6. Enable observability and profiling, alerts to/WT cache/oplog indexes.
7. Organize backups + PITR, DR cluster and regular exercises.
8. Connect Change Streams/Outbox to synchronize caches and buses.
9. Limit document size and nesting; Implement pagination by cursor.
10. Separate policies for PII/tenants, encryption, audit.

Anti-patterns

"No scheme" in the product: lack of validation and versions → chaos.
Shard key in time/monotonous - hot shard and unstable p99.
Joynes' $ lookup'on huge sets without indexes/pagination.
Use transactions everywhere - lost productivity.
Lack of TTL/retentions for logs → growth in volume and cost.
Store critical monetary invariants only in Mongo without strict idempotency.

Summary

MongoDB is a powerful tool for flexible iGaming domains: profiles, directories, telemetry, projections and personalization.
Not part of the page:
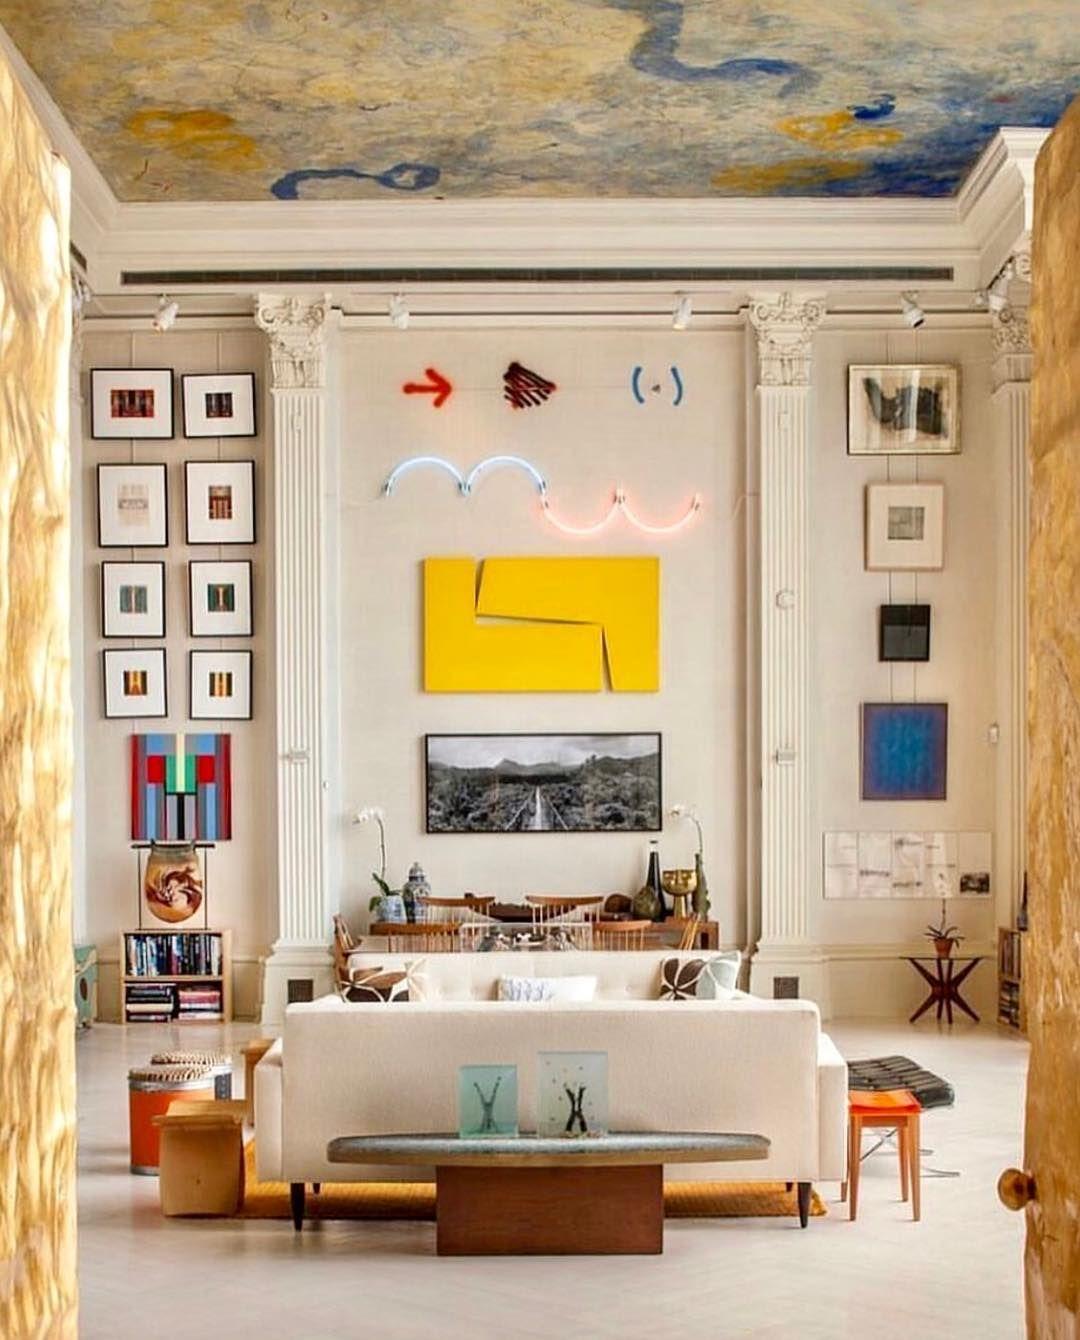 Decor interior design interior decorating painted furniture modern furniture kelly behun
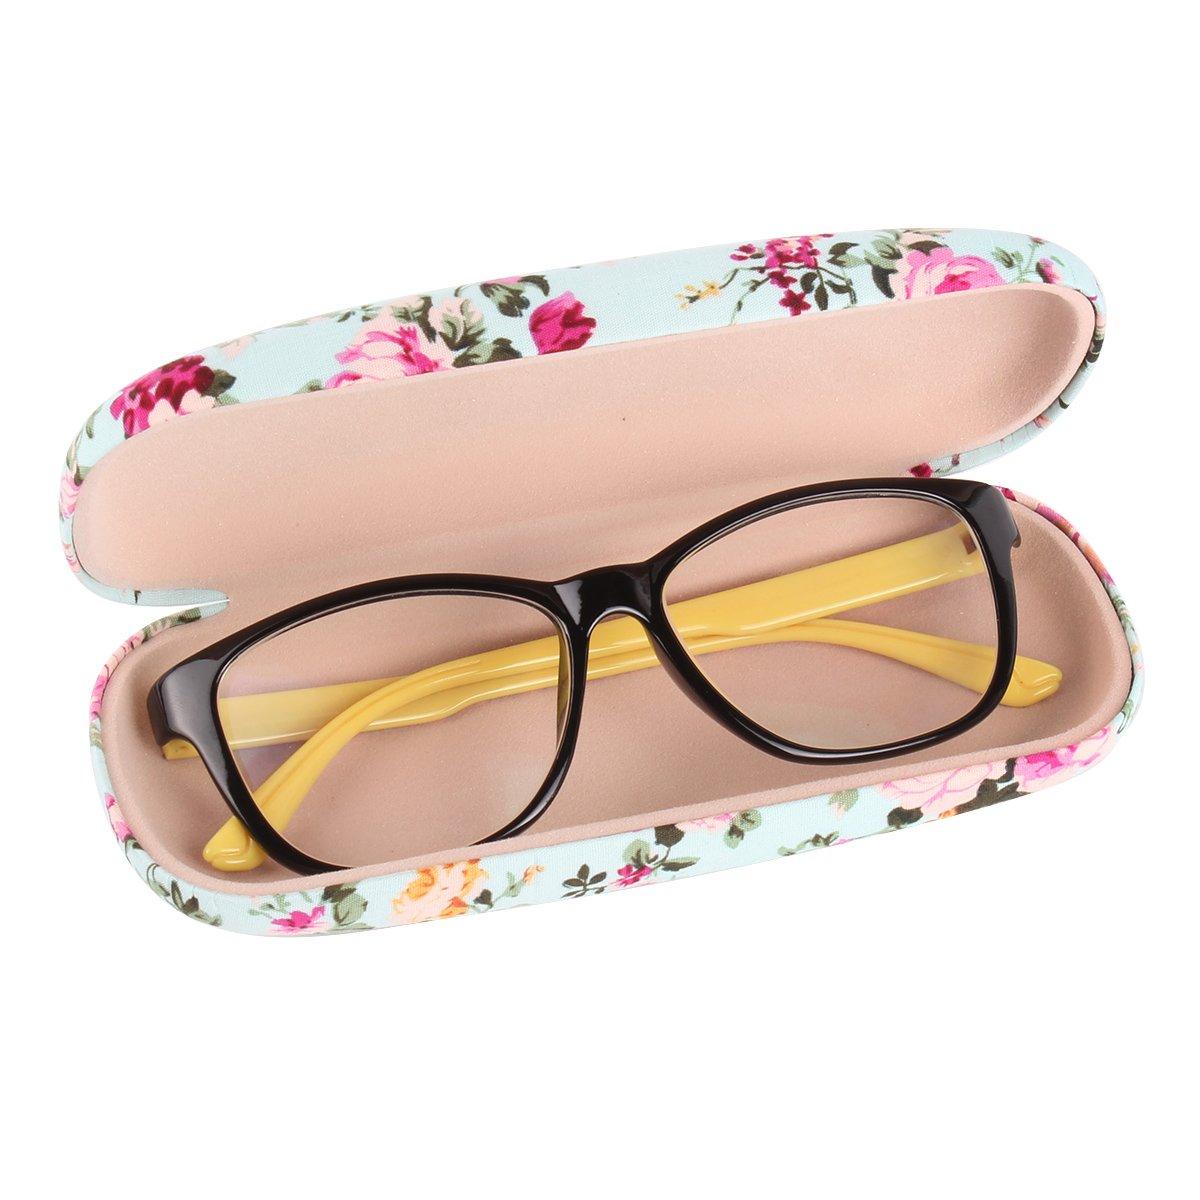 EZESO Fabrics Floral Retro Light Portable Eyeglasses Case (2 pcs blue+pink) by Ezeso (Image #2)

The key to success is a contract scheme and validation, thoughtful indexing, a well-chosen shard key, conscious Read/Write Concern, Change Streams for integrations and strict operational discipline (observability, backups, DR). Combined with the SQL core and streaming bus, this gives the platform fast interfaces and stability for tournament peaks.